And while we're still on the topic of The Lost World, I have to say that, up until Dominion, these Jurassic World movies didn't do a good job of addressing the big pink elephant in the ocean that is Isla Sorna. For a long time, I, and probably others, assumed these movies ignored the events of both The Lost World and Jurassic Park III, as it felt like neither Sorna nor the events of those movies, especially the latter's ending, were brought up, and the Isla Nublar dinosaurs are clearly said to be the last of their kind here. However, while Sorna wasn't mentioned at all 
in the previous movie (which is understandable, since it wasn't necessary for that story), here, Eli Mills does briefly mention it, but it goes by so quickly that you'll miss it if you're not really paying attention. And if you do catch it, you'll then probably be wondering why Lockwood didn't plan to relocate the Nublar dinosaurs there or why it's never even brought up as an option. There was some supplementary material, namely a promotional website for Fallen Kingdom, that said Sorna's ecosystem completely broke down 

as a result of "illegally cloned animals" being introduced there, and the surviving dinosaurs were transported to Nublar, but it would've been nice if they said that in the actual movie, since a number of us don't pay attention to stuff like that. (A similar source for the previous movie said Hoskins got his job at InGen Security at Jurassic World because he supervised shooting down the Pteranodons that escaped Sorna.) It wouldn't be until Dominion that those middle movies would be confirmed to still be canon, as it's stated that both the Nublar and Sorna dinosaurs have been relocated to Biosyn's sanctuary.

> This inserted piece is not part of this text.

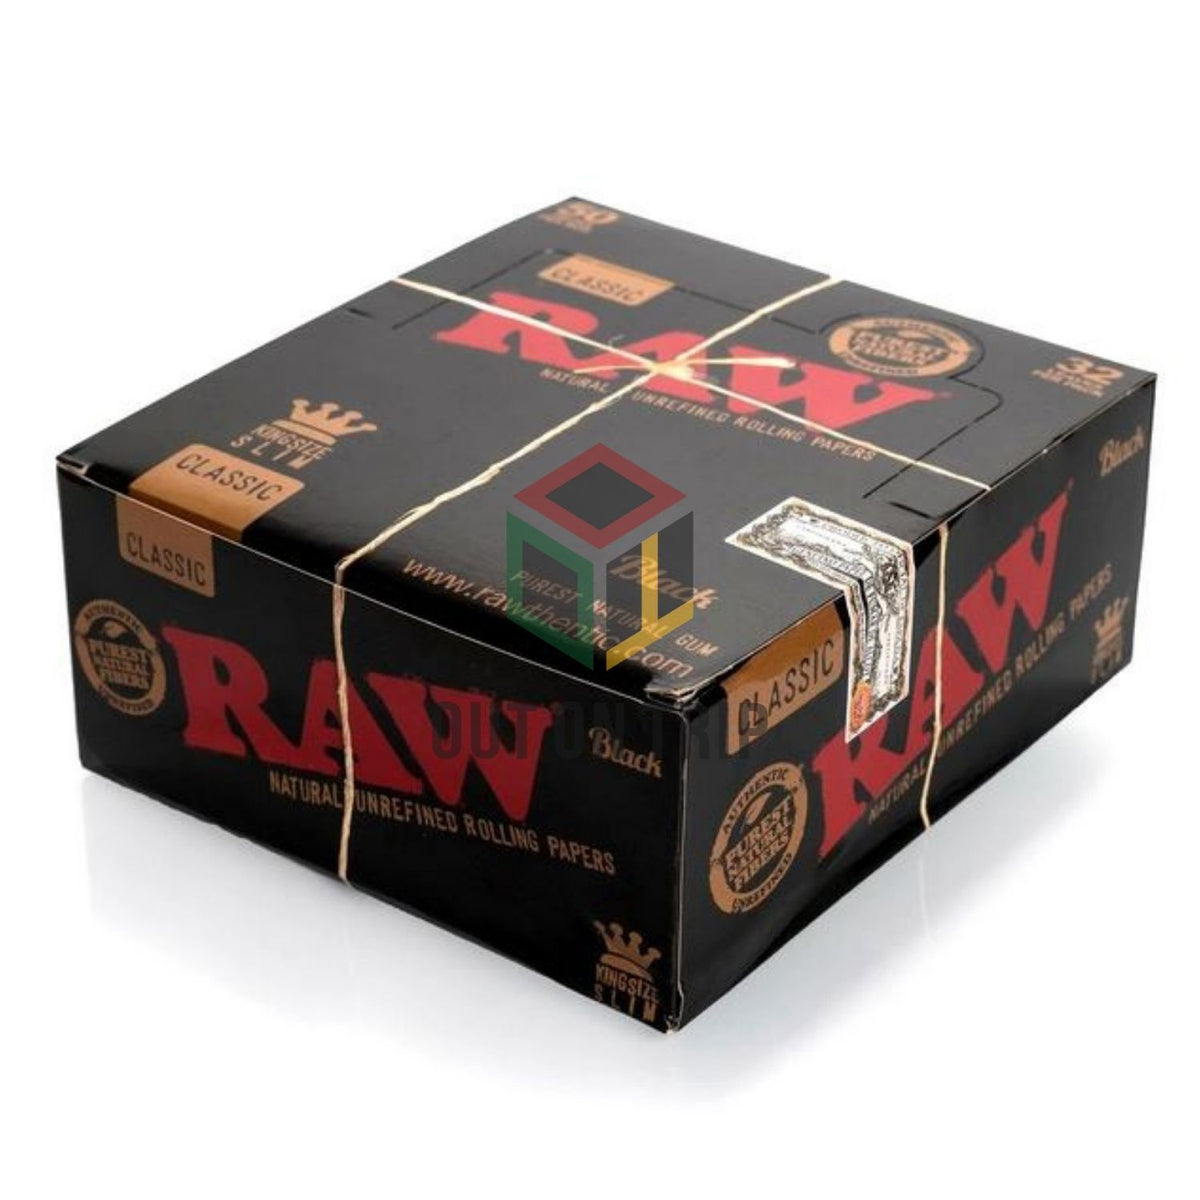 RAW Tips Original Roll Up Tips Full Box | 50 Packs | 50 RAW Tips per Pack |  Naturally Slow Burning Tips Made for Re-Use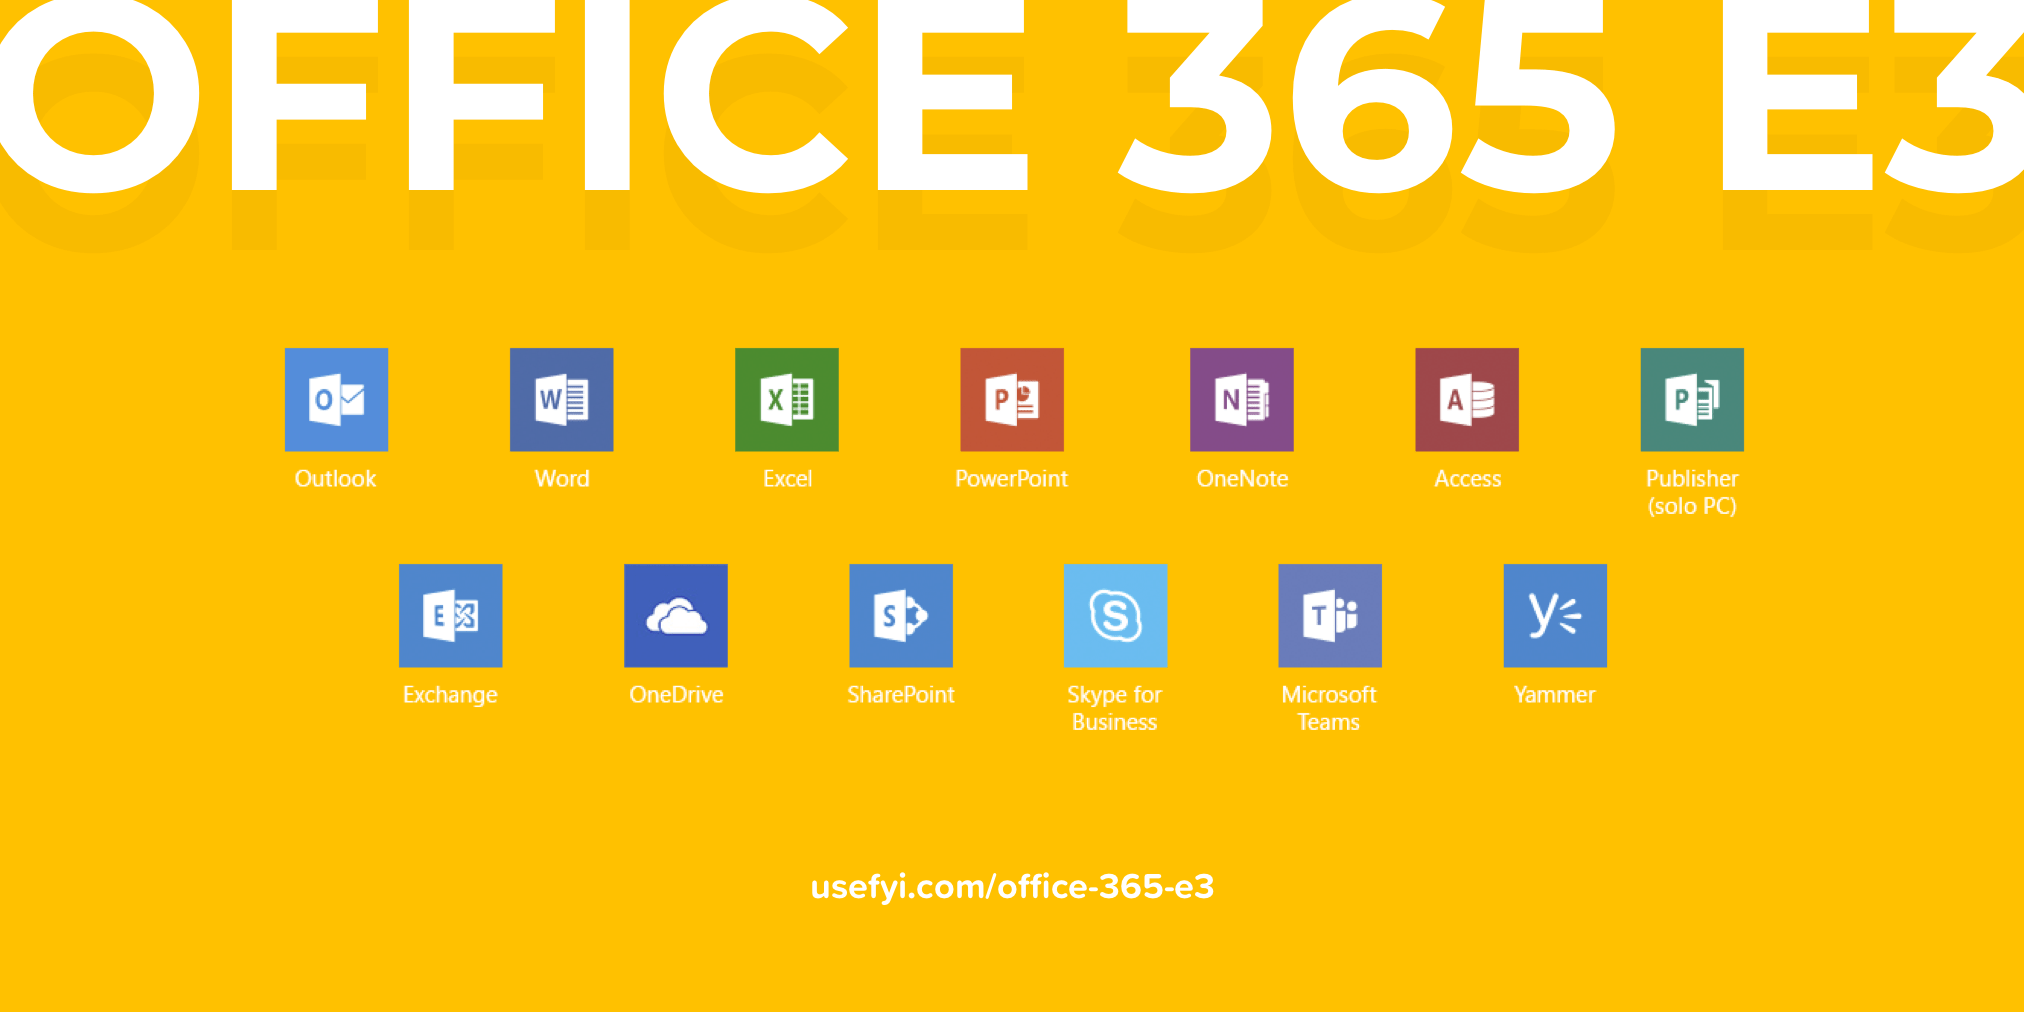 Microsoft 365 (Office 365): Everything you need to know

In my review of Jurassic World, I acknowledged that one of my issues with it is that the discussion of some of its key themes was really heavy-handed, and the writing sometimes came across as pretentious; Fallen Kingdom often falls into that same trap. This mostly comes from Eli Mills' dialogue, like when he's telling Mr. Eversoll of his plans for the dinosaurs, saying, "Genetic power power is an uncharted frontier. The potential for growth is more than you can fathom," then talks about mankind being drawn to war, thus making it necessary, and lucrative, to weaponize
dinosaurs. Later, he pretentiously guilt-trips Claire and Owen about their part in what's happening, and when he confronts them again during the climax, he asks, "What, are you gonna go back in time to before Hammond decided to play God?! You can't put it back in the box!" I also feel the same way about Lockwood's lamenting how he and Hammond rushed into what they were doing before they were ready for it, and that saving the dinosaurs is a chance for redemption. Hammond himself said virtually the 
same thing in The Lost World without it coming off as so overdone. You could also say the same thing about Malcolm's speeches at both the beginning and end of the movie but, besides Jeff Goldblum being someone who can make that stuff work, it's not unlike his warning to Hammond about what he was doing during that lunch scene in the first movie. But going back to the recurring theme in these films of weaponization (something that J.A. Bayona wasn't too interested in but, like before, Steven Spielberg 
insisted on it), it's undone due to Mills' stupidity, as he promises a perfect killing machine that follows human command when, like the Indominous Rex, the Indoraptor is actually another uncontrollable, sadistic monster. Plus, the way he's conditioned to attack, with someone focusing a special rifle's laser on the target and then using a signal that triggers him, makes him feel like an even less efficient of a weapon than what Hoskins had planned for the Velociraptors. Not only does it require someone to always be on hand with this weapon, but if that's Mills' idea of a creature that obeys human commands, he needs watch footage of animals who do actually listen to humans.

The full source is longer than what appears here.